The patient should perform exercises healthy limbs especially during a long stay in hospital. During treatment, there is often a need for surgical intervention. In infants, it is a abscess incision and drainage podokostnowego oil. In older children and adults performed a wide opening of the bone, removal of pus, soft tissue fragments, dead tissue, abundant rinsing the wound and the local introduction of the antibiotic. After surgery, limb immobilization spaces.
It is the most common inflammation of the bones, representing approximately 70% of cases. It is one of the most feared complications of musculoskeletal injuries, often leads to irreversible damage to the bone and surrounding soft tissue, and then the entire limb. It may also cause damage to organs and many other systemic disorders. Pathogenic bacteria penetrate to the bone as a result of injuries incurred during open fractures and orthopedic surgery for osteoarthritis system.
Factors contributing to post-traumatic osteoarthritis are immunocompromised, breadth and depth of the damage, extensive post-traumatic hematoma, open fractures, poor provision of wounds, surgical technique errors and impaired blood supply. Treatment involves removal of the infected tissue, excision of fistulas, are used to stabilize the exterior and intensive antibiotic therapy, general and local. Dropouts soft tissue and bone grafts covered with autologous (derived from the same patient).

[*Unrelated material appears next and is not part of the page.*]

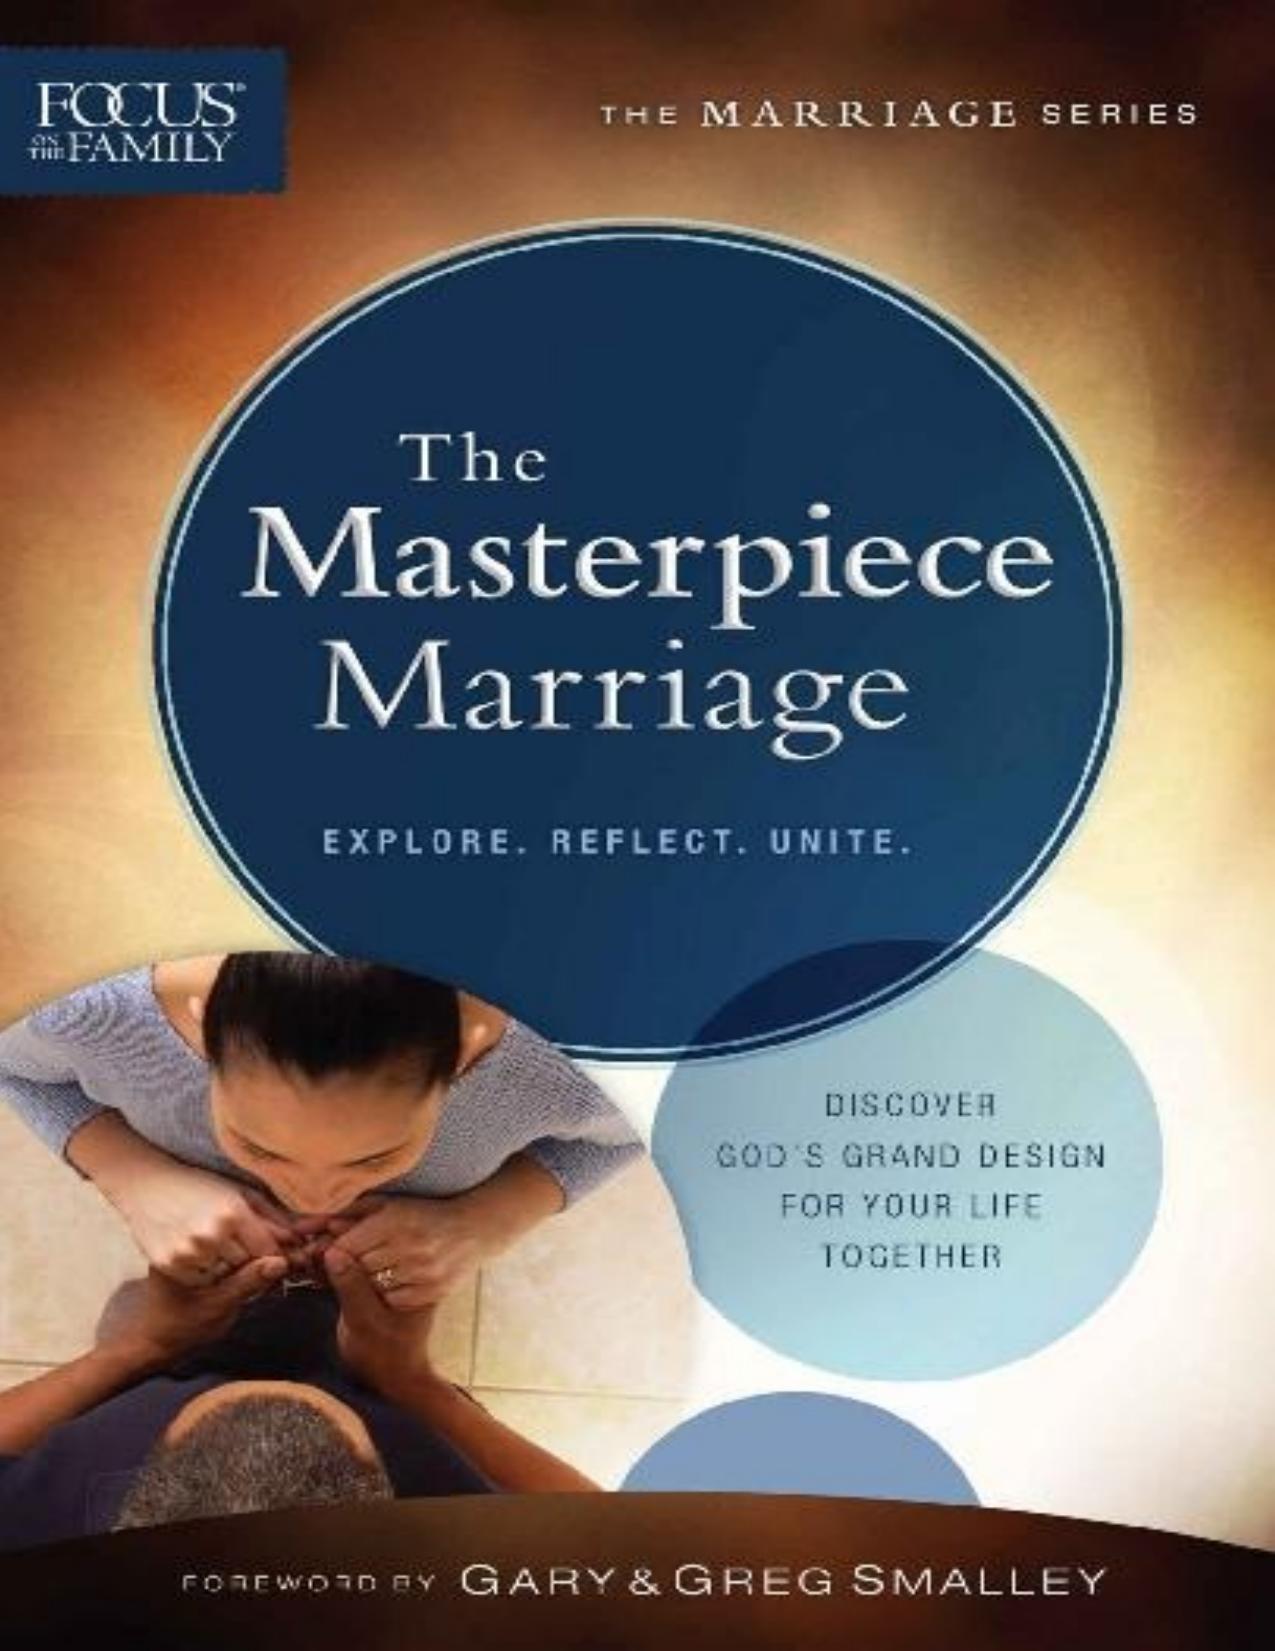 The Masterpiece Marriage \(Focus on the Family Marriage Series\) - PDFDrive.com

It is one of the forms of haematogenous osteomyelitis positioned around long bones. Resistance arises when the patient is large, and the bacteria that cause infections are less virulent. Septic focus is usually small in size, and delimits with the fibrous capsule of healthy tissue to prevent the formation of fistulas. Locally disease manifested swelling, soreness, and pain, especially at night. Typically, radiological picture is characteristic and sufficient for diagnosis.

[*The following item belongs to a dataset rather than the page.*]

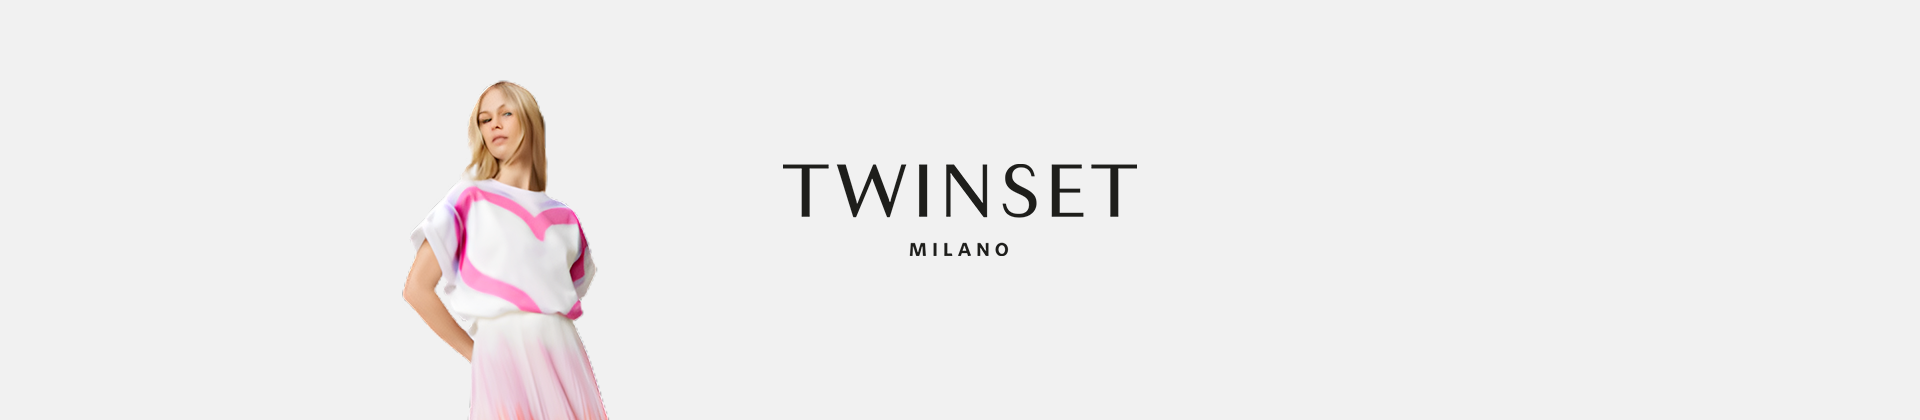 Twin Set sito online borse donna | Youngshoessalerno.it

Treatment of the disease is to evacuate the abscess, and excision of fibrous capsule covering graft loss of cancellous bone.
Arthritis may be separate disease entities, but also may be accompanied by osteoarthritis. They produce the same microorganisms, and hematogenous infection is established directly from the wound and the surrounding tissue. Locally states swelling, warming, redness and soreness movement in the joint. Usually the diagnosis is sufficient radiological picture of the pond. Treatment consists of relieving the affected joint, and in the case of purulent inflammation in the draining oil through the puncture and administration of antibiotics. Do not mastered in time can cause inflammation of the joint contracture and stiffness pathological.